Neural network does not depend on the model of the control object. It can approach the dynamic behavior of the unknown non-linear object by learning, so it can be used in the control of three-level PWM rectifier. However, due to the requirement of fast and real-time performance of three-level PWM rectifier, the practical application of neural network in this field is still limited. This paper studies the current control method based on single neuron, gives the current control structure based on single neuron, designs a single neuron current controller, and finally carries out simulation experiments.
The results show that the three-level converter with single neuron current controller has fast response speed, almost no overshoot, and can quickly restore to stable state when the load changes abruptly. Single neuron is the basic structure of neural network. It has the characteristics of simple structure and small computation.

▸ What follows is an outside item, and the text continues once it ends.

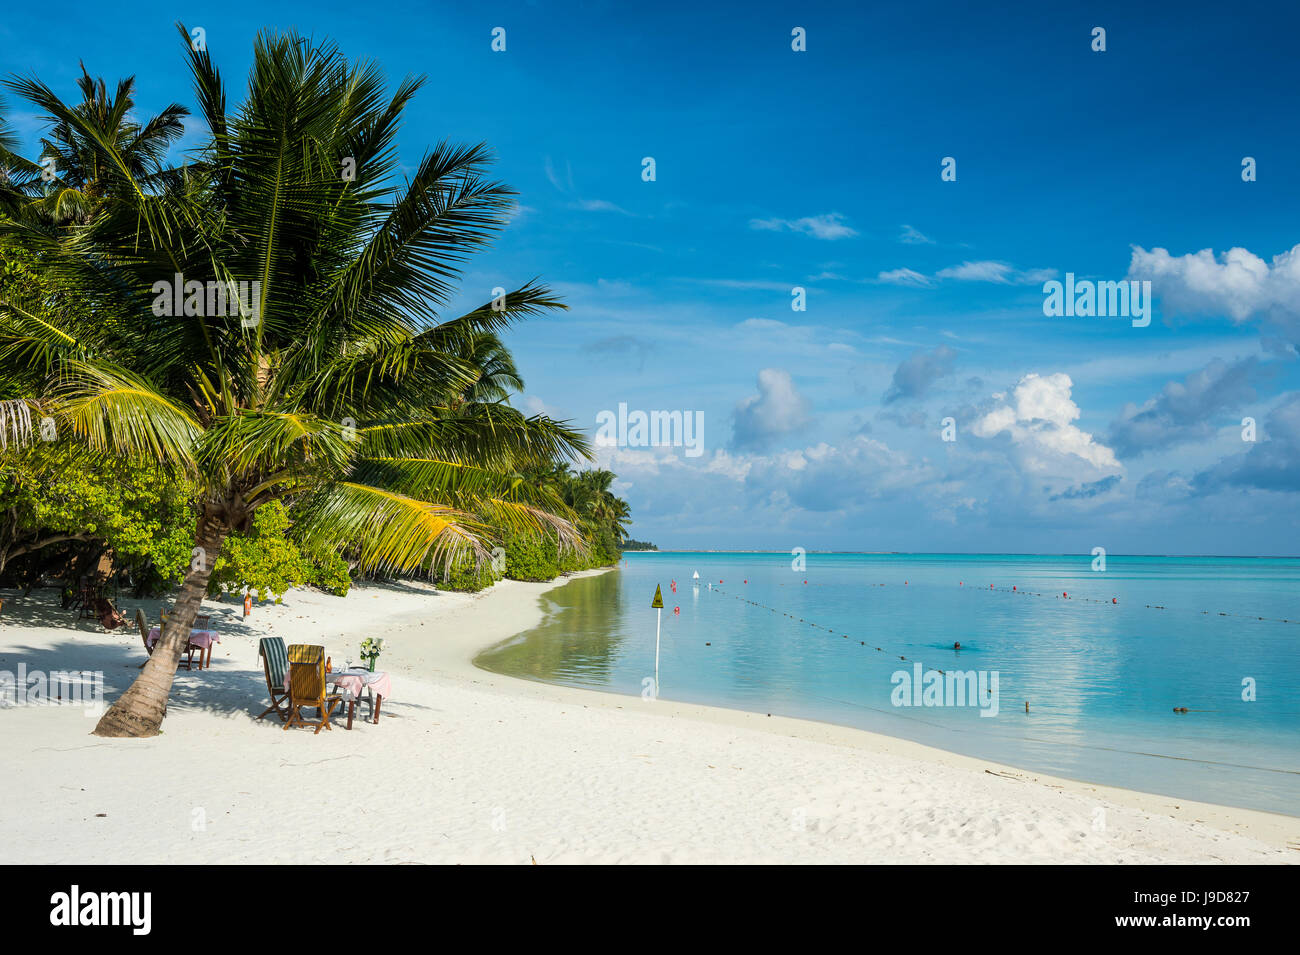 Plage de sable blanc et eau turquoise, Sun Island Resort, l'île de Dhiffushi, Ari atoll, Maldives, océan Indien, Asie Banque D'Images

As a controller, the dynamic performance of the system depends only on the error signal, and is not affected by the parameters of the object model, so it can improve the performance and robustness of the system. Single neuron controller combines the advantages of PID control, can adjust the parameters of PID on-line, has the ability of self-adaptation and self-learning, and can meet the requirements of speed and real-time, so it has been widely used in various control systems. The single neuron adaptive controller composed of single neuron is used for current control of three-level rectifier. The structure of current control link of the system is shown in Figure 1.
In the control system of three-level rectifier, single neuron current controller is used to control current and current. Its structure is shown in Fig. 2. Current control consists of three parts: single neuron controller, current detection and coordinate transformation.
Fig.
2 shows the structure of single neuron current controller for axis current. The input of the controller is the difference between the given value of axis current and the actual feedback, and the output is the component of axis control voltage. In the optimal control theory, the quadratic performance index is used to calculate the control law to obtain the desired optimization effect.
In the learning algorithm of neuron, the idea of quadratic performance index in optimal control can also be used to introduce quadratic performance index into the adjustment of weighting coefficient. By minimizing the sum of weighted square of output error and control increment, the weighting coefficient can be adjusted, thus indirectly realizing the constraint control of output error and control increment weighting. 。 Among them.
It is the Euclidean norm of the weight vector. Dividing by norm means that the weight vector is united in the weight vector space to ensure the convergence of the control strategy. In the above formula, P and Q are the weighted coefficients of output error and control increment, and the reference input and output at k time respectively. In the formulas above, thermostatic element the learning rates are corresponding to the weights, and K is the total learning rate.
The simulation model of single neuron controller based on SIMULINK is built, and the simulation model of PWM and rectifier is studied. The simulation model of single neuron controller is shown in Figure 3. Grid parameters: Em = 311V, f = 50Hz; AC side parameters: Ls = 6mH, Rs = 0.5; DC side parameters: Cd = 2200uF, L0 = 3mH; DC side voltage Vdcg = 600V; switching frequency FS = 2KHz. When the rectifier is started, it is equivalent load, output power is 18KW, reactive current, and the rectifier works under the condition of unit power factor. When the system is stable for 0.
3 seconds, the equivalent load of 18KW is connected in parallel on the DC side. The DC side voltage and AC side current and voltage waveforms are shown in Figure 4. The simulation results show that when the load changes abruptly, the DC side voltage of the three-level converter with single neuron current controller restores to the steady state value after 0.13 seconds, and the voltage value restores quickly. The current waveform of the power grid is sinusoidal and keeps in phase with the voltage of the power supply. The rectifier still works under the condition of unit power factor. In this paper, the performance of rectifier under sudden load change is studied through simulation experiments. The three-level rectifier with single neuron current controller has fast response speed, almost no overshoot, and can recover to stable state quickly when the load changes abruptly.